Kay-Bee Toy Stores
Kay-Bee Toy Stores
100 West St.
Pittsfield, Massachusetts 01201-5761
U.S.A.
(413) 499-0086
Fax: (413) 499-3739
Wholly Owned Subsidiary of Melville Corporation
Incorporated: 1922
Sales: $1,012 million
Employees: 13,000
SICs: 5945 Hobby, Toy & Game Shops
Kay-Bee Toy Stores is the fifth-largest retailer of toys in the United States and second only to Toys “R” Us among retailers that specialize in toys alone. Unlike the giant free-standing outlets run by its major competitor, Kay-Bee operates approximately 1,000 smaller mall-based toy stores. Kay-Bee stores carry brand name products along with stock from discontinued lines which are sold at bargain prices. Due to their smaller retail space Kay-Bee does not carry sporting goods, choosing instead to focus on video products, which account for 25 percent of overall sales. The company was purchased in 1981 by the multi-billion-dollar retail conglomerate Melville Corporation. Melville also owns Marshalls, Wilson’s, Linens ’n Things, Footac-tion USA, and CVS, among others. Ten years after becoming a part of the Melville family, Kay-Bee Toys reached the $1 billion mark in sales in 1990.

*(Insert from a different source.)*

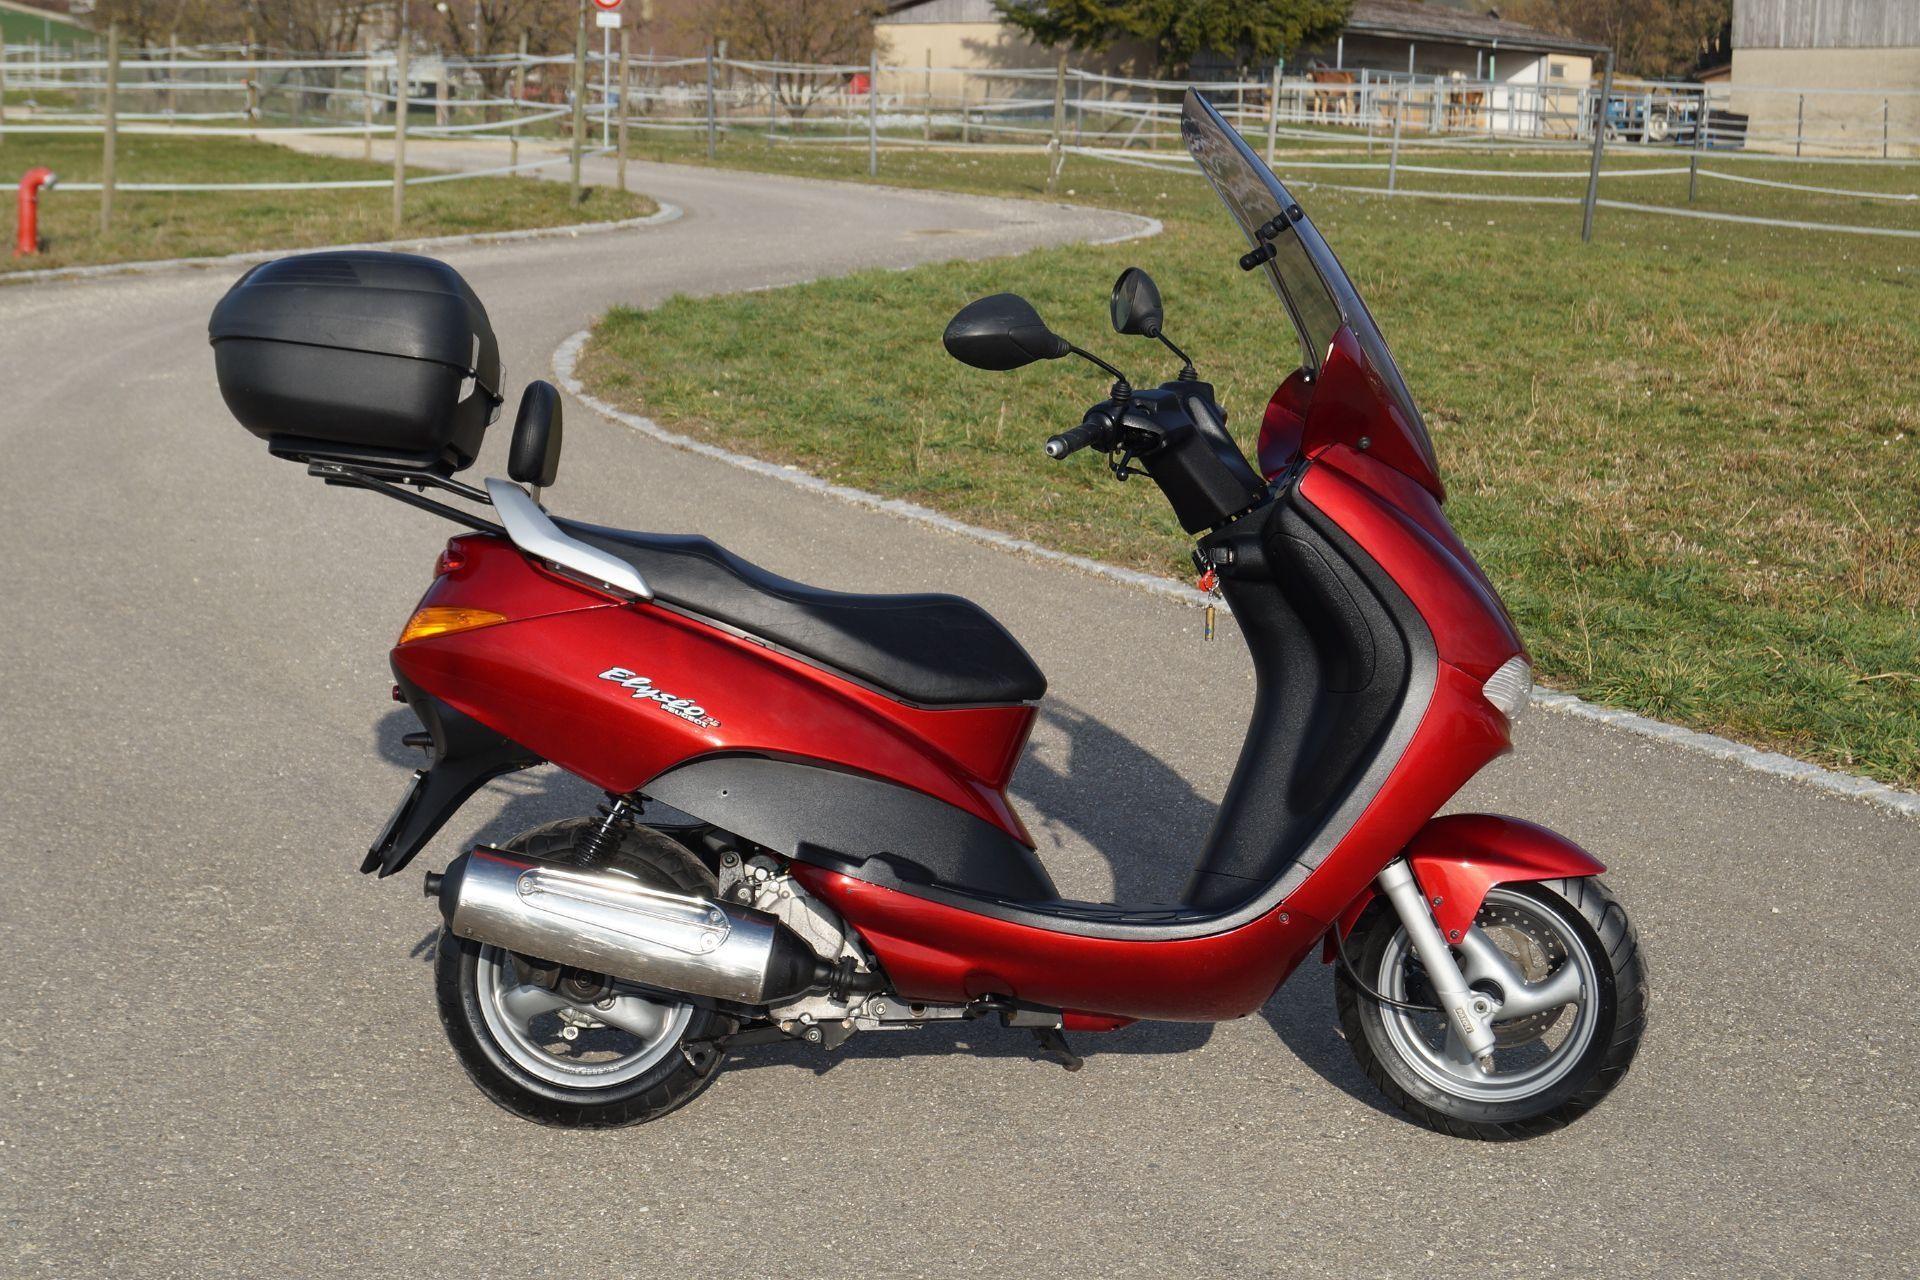 motorrad occasion kaufen peugeot elyseo 125 motoshop. Black Bedroom Furniture Sets. Home Design Ideas
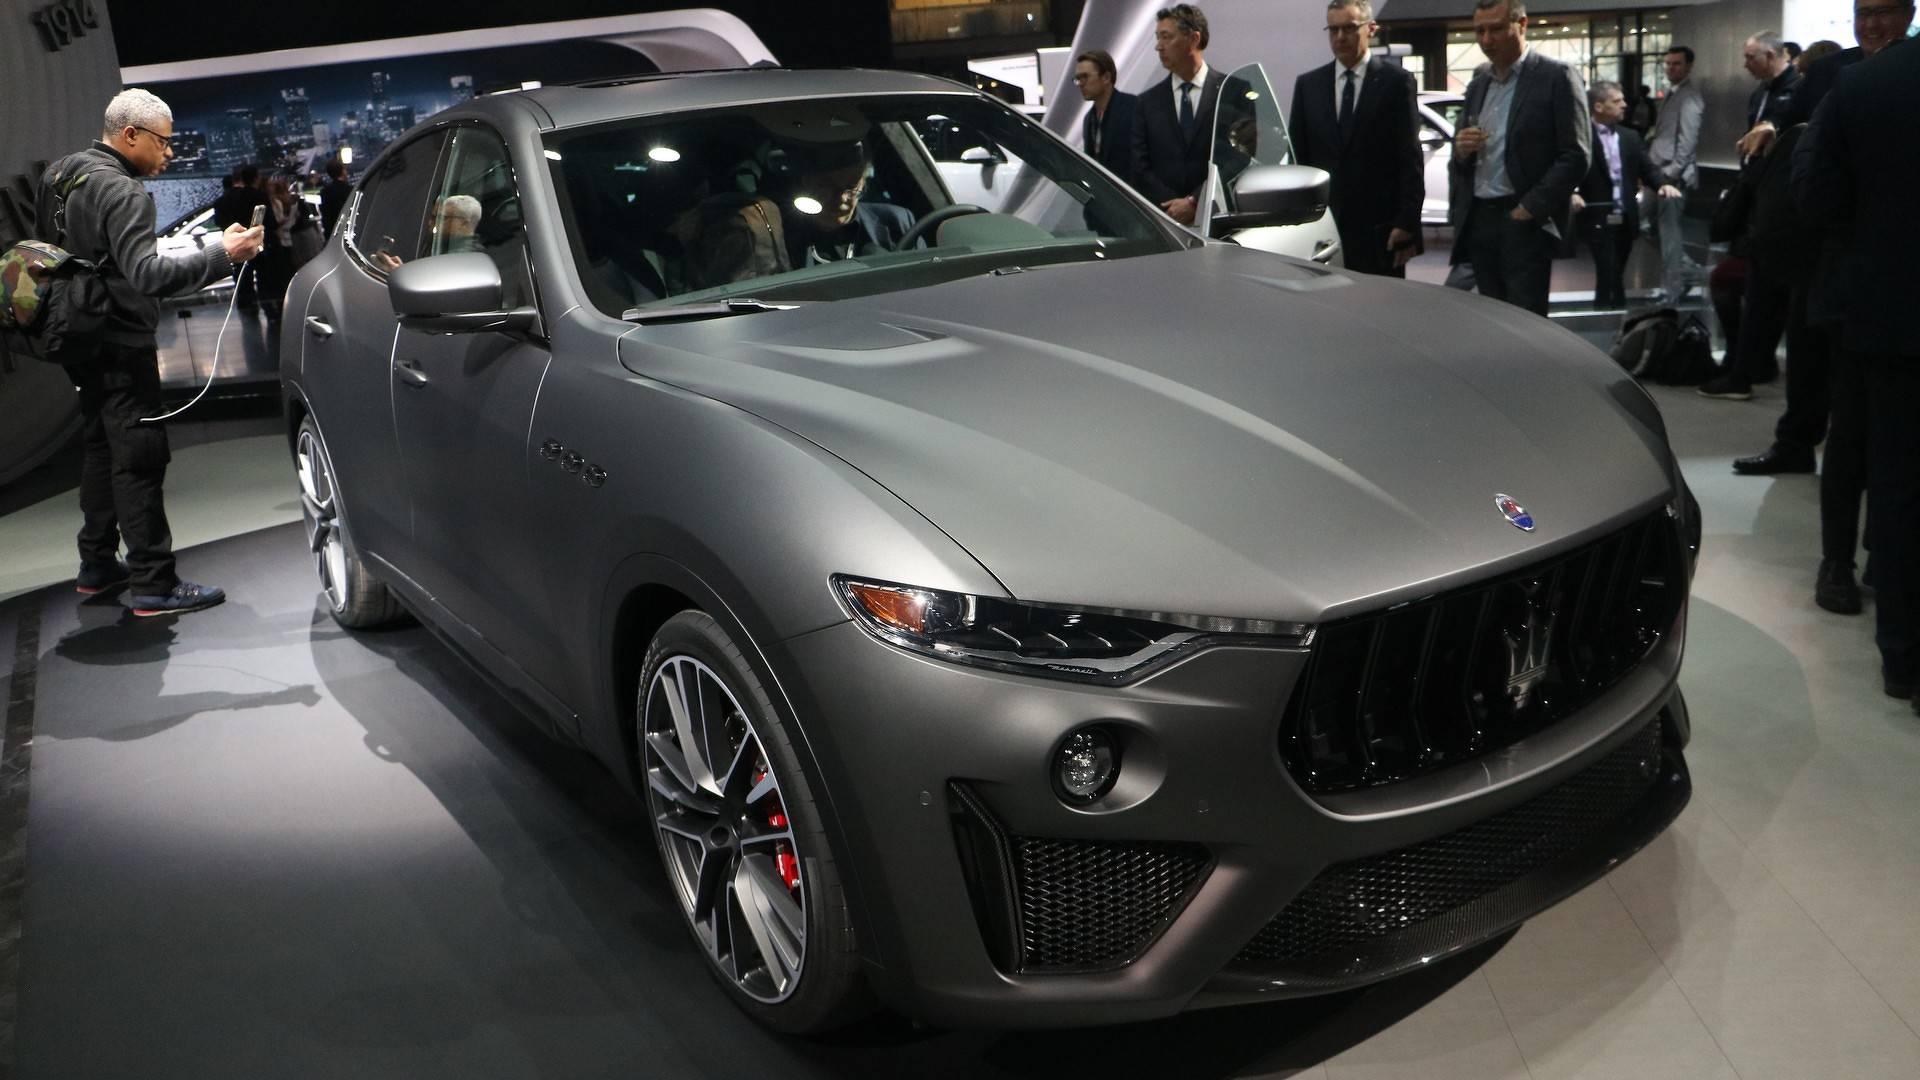 2019 Maserati Levante Trofeo Review >> Maserati Levante Trofeo Storms New York With 590 Hp V8

Kay-Bee began as Kaufman Brothers when two brothers in Pittsfield, Massachusetts, opened a wholesale candy business in 1922. Kaufman Brothers provided retailers with candy and soda fountain supplies. The Kaufman brothers got into the toy business by accident. During the 1940s they acquired a wholesale toy company from a previous client as payment for outstanding debts owed to Kaufman Brothers for purchased candy. It was an opportune moment for Kaufman Brothers to diversify, because the cost of producing candy was prohibitive during World War II due to shortages of important ingredients, especially sugar. Kaufman Brothers assumed operation of the toy company. changing its name to K-B Toy & Hobby Stores. By 1948 the toy business was so much more successful than the confectionary business that the Kaufman brothers decided to focus their energies entirely on toys. Kaufman Brothers opened its first retail toy store in Connecticut in 1959.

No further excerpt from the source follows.